A casual observer might be forgiven for thinking I did not enjoy this book. After all, I frequently frowned, looked pained, or had to put it down for ‘a rest’, maybe with a deep sigh. A casual observer might assume those were ‘bad things’, but it was quite the contrary. This book is like nothing I have read before. It inhabited me, stripped me of my skin, and made me feel such deep anguish as well as joy that sometimes I really did need to lay it aside, just to breathe, decompress and wipe aside a tear before going back in.
The author, Josie George, takes us on two parallel and interweaving journeys: her childhood, and a year in her life. We find out about the long history of her chronic illness. The hospital visits, the blood tests, the trauma of being different at school, and how her vulnerability led to her slipping into a toxic relationship. It hurts to read it. Yet this is juxtaposed with George’s life now. If you were hoping for quick fixes and the miraculous recovery often immortalised in text, then you would be disappointed.
George’s life is still full of pain and challenges, she is not ‘cured’ and she must endure judgement and misunderstanding. Yet through it, and perhaps because of it, she has gained a quiet but powerful transcendental strength. Her maternal love for her son shines through, as does his personality through her words. A new relationship surprises and delights her.
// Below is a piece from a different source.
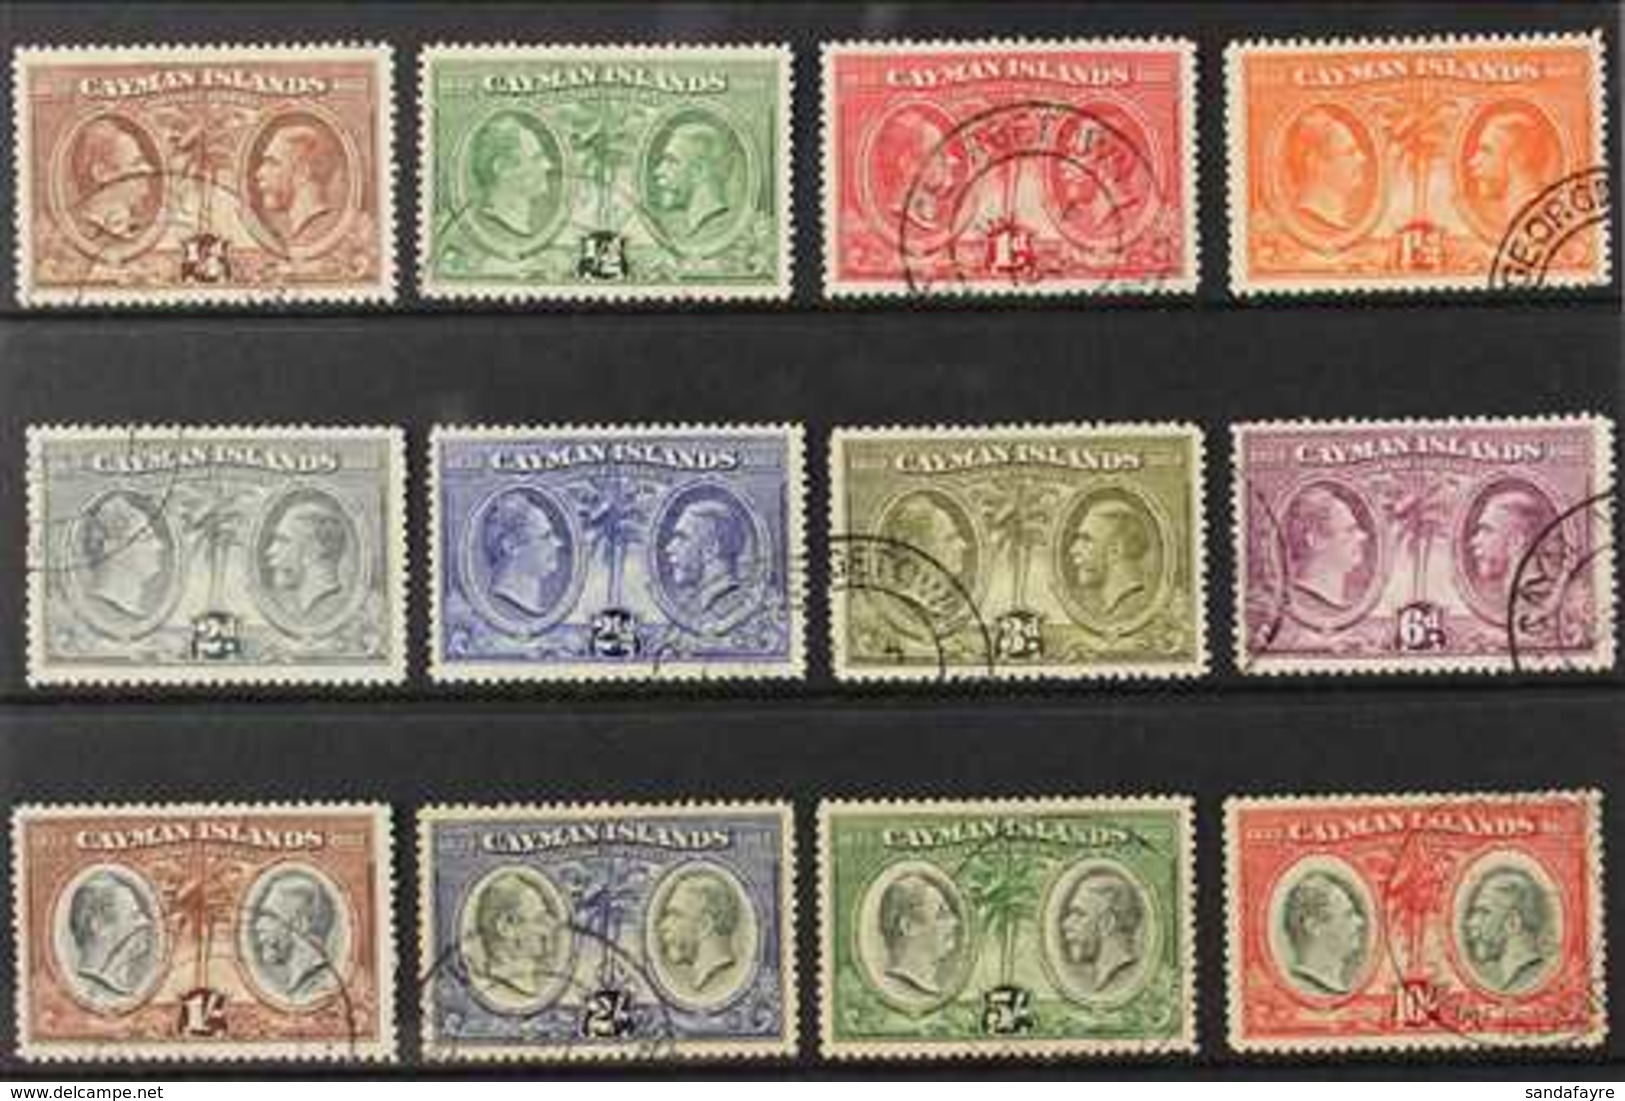 1932 Centenary Of The Assembly Of Justices & Vestry Complete Set, SG 84/95, Fine Used (12 Stamps) For More Images, Pleas - Kaaiman Eilanden

It’s uplifting to read of the mental gymnastics the human brain can perform to find contentment and happiness, even while experiencing the fatigue and pain of an unpredictable, shifting illness with no end or resolution.
Even a simple pebble from a beach, sent by a friend, can bring unexpected joy and connection for George, and hence for the reader too: “The pebble is a gift to sing over, as a medicine woman would. Sometimes my fingers find it icy; other times it is inexplicably pulsing with warmth. I wonder if it is still joined to the tide that tumbled it somehow, reflecting that faraway edge.”
George’s world is by necessity physically small, limited to small excursions in the close proximity of her home, in an industrial-feeling urban area of the West Midlands. It was written before lockdown, yet her ‘stay local’ lifestyle will resonate with many more of us than ever before. We’ve now had a taste of limits and physical boundaries ourselves.
Yet George’s life remains emotionally and mentally limitless, inviting in friendship and love, but only from those who can truly understand and accept her. A key thread of her hope and resilience is Nature. It punctuates the year and provides close-up wonder. “The best day of the year is the day I hear the first blackbird of the year sing its low, sweet song. It takes me and carries me and, for a moment, I know bliss. The unexpected, sudden sunshine must have filled his small, dark body up to the beak until he couldn’t help but pour it out of him.” Her pledge to know this one place so well is beautiful and something that we should all strive for.
This book is also gently provocative. It challenges our deeply held notions of worth. I do, therefore I have value, or, even worse, I earn money, therefore I matter. When life is smaller and less thrusting, less busy and less consuming, it does not cease to have worth. I think many of us can fall into the trap of life as a performance. Josie George reminds us just to be.